Не только. Участь моя переменилась, появились новые творческие задачи.

А контракт не обязывает вас закончить оркестровку?

Я получил аванс, предусмотренный трудовым соглашением, но мой договор с МАМТом аннулирован, а новый, с «Новой оперой», не подписан. Формально у меня нет обязательств перед государством. Но есть человеческие обязательства перед Антоном Гетьманом.

Если, скажем, через три года в прекрасной России скорого будущего «Новая опера» захочет поставить «Диббука», вы не забудете свои инструментовочные задумки?

Нет, надеюсь.

А вообще бывает, что в процессе инструментовки вы добавляете гармонические или мелодические элементы, которых не было в клавире?

Довольно часто. Партитура «Диббука» будет сильно отличаться от клавира. Покойный Саша Ведерников предложил обустроить оркестр таким образом, чтобы большая струнная группа находилась в яме, а видовые инструменты (не только дерево и медь, но и, скажем, аккордеон) — на сцене, сужая пространство для театральной игры. Возможно, я так и сделаю… Есть, кроме того, кое-какие идеи, референсы, связанные с музыкой Шаррино, его оркестровкой Джезуальдо — не оркестровкой, а рекомпозицией, демонтажем.

Когда вы пишете клавир, то есть, собственно, сочиняете музыку, вы слышите в голове оркестровое звучание?

Иногда слышу, иногда нет. В некоторых случаях — вы знаете о моей любви к унисонам — мне нужен только один голос (что в клавире, что в партитуре), дублирующий вокальную строчку. У Мусоргского так бывает.

И у Пуччини. В любом случае опера сложилась. Музыка написана.

Будем считать это хорошо разработанным эскизом.

Вы удовлетворены результатом своей работы?
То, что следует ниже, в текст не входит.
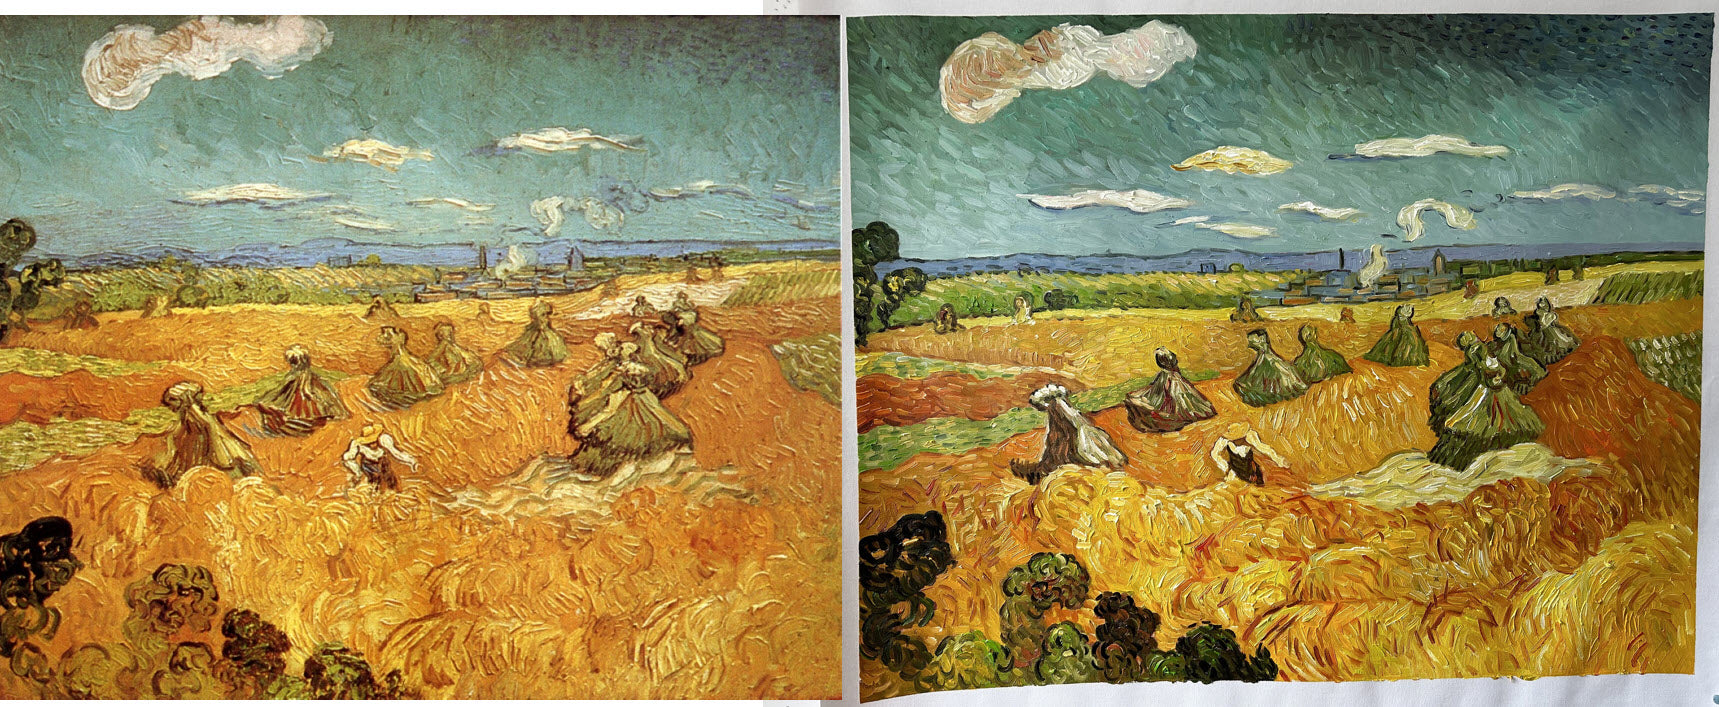 Pilhas de trigo com ceifeira - Van Gogh

Процентов на восемьдесят… пять.

Расскажите о первоисточнике.

Семен (Шлойме) Раппопорт (литературный псевдоним С. Ан-ский) написал пьесу «Диббук, или Между двух миров» во время Первой мировой войны. Self-made man из еврейского местечка, он сделал блестящую карьеру литератора, журналиста, переводчика, культуртрегера. Некоторое время Ан-ский работал секретарем у анархиста Петра Кропоткина, то есть имел косвенное отношение к политике. Но нам он важен как этнограф. Заручившись поддержкой властей, Ан-ский организовал несколько экспедиций по штетлам Украины и Белоруссии, возможно, Польши. Сюжет о диббуке — одна из легенд еврейской культуры рассеяния, повествующая о духе умершего, который вселяется в тело живого человека. Сегодня его пьеса кажется устаревшей и слишком длинной. Написана она по-русски (эту версию обнаружили совсем недавно), но потом переведена на идиш самим автором. Пьесу начали ставить уже после смерти Ан-ского — в том числе и в Советской России. Она не была бестселлером, но со сцены не исчезала. На этот сюжет написано несколько опер, мюзиклов и балет Бернстайна. В 2014 году я увидел «Диббука» на драматической сцене — в театре «Гешер» в Тель-Авиве, спектакль довольно хороший. Но особенно сильное впечатление произвел на меня фильм, поставленный в Польше накануне Второй мировой войны.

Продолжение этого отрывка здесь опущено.